Re: Data Storage Issue (Basic Issue)

Eric Sosman <esosman@ieee-dot-org.invalid>
Sat, 10 May 2008 09:45:18 -0400
Tom Anderson wrote:

On Fri, 9 May 2008, Lew wrote:

Tom Anderson wrote:

Databases typically store their data in a file [1]. ... [1] Okay, so
seriously heavyweight ones use disk extents/partitions and bypass the
filesystem; how much of a difference does that make?

Anecdotally, on a large-scale test, above five-to-one.

Yikes! That's kind of damning for filesystems. I know they do a lot of
stuff that a raw disk doesn't but still. Wow.

     It might be a good idea to learn more about the
anecdote before drawing too many conclusions ... Just
a few quick observations:

     1) The anecdote does not reveal what was measured. This
        five-to-one difference might have been in latency,
        throughput, capacity, license price, or debugging time.

     2) The anecdote does not reveal which configuration had
        the better result on the measured quantity, only that
        a difference existed. The final score may have been
        ten to two, but which team won?

     3) The anecdote tells us only that the test was "large-
        scale," but nothing else. A few weeks ago near where
        I live, a "large-scale" test called the Boston Marathon
        demonstrated conclusively that wheelchairs are faster
        than motorcycles (even though the motorcycles had a
        head start, the wheelchairs were first to the finish).

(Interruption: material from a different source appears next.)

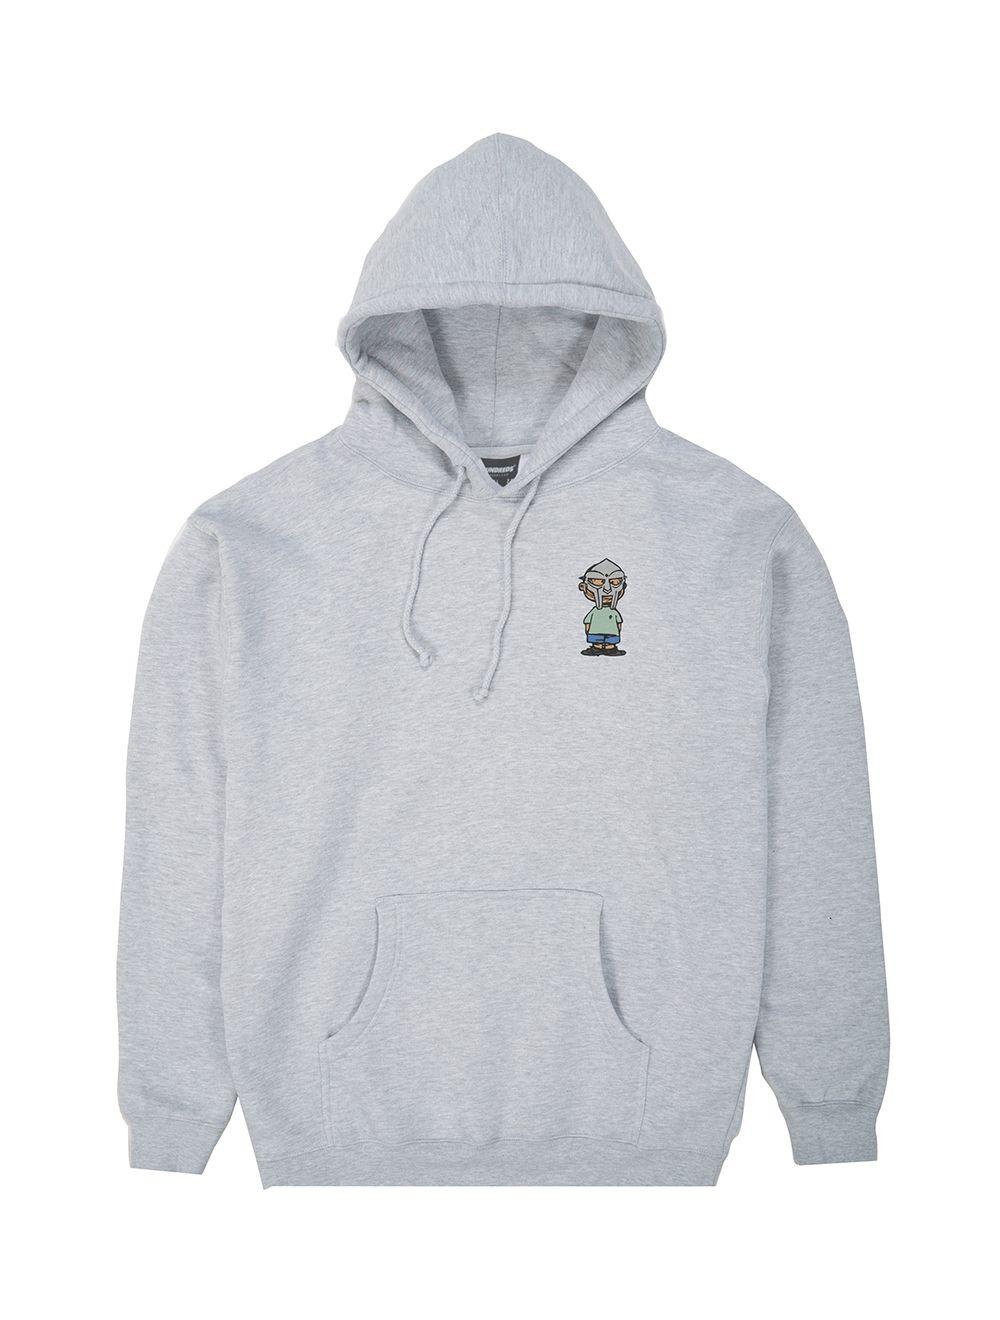 Mf Doom Sweatshirt Supreme Hip Hop Streetwear Pullover

     4) The fact (if we assume its existence) that some database
        performed better without a file system than with one does
        not prove that the file system performs poorly. It might
        well be that the database in question does things dumbly
        and forces the file system to do a lot of needless work.

     I'd suggest that you not dismiss Lew's anecdote, but that
you examine its actual information content before forming firm
opinions about file systems vs. raw devices.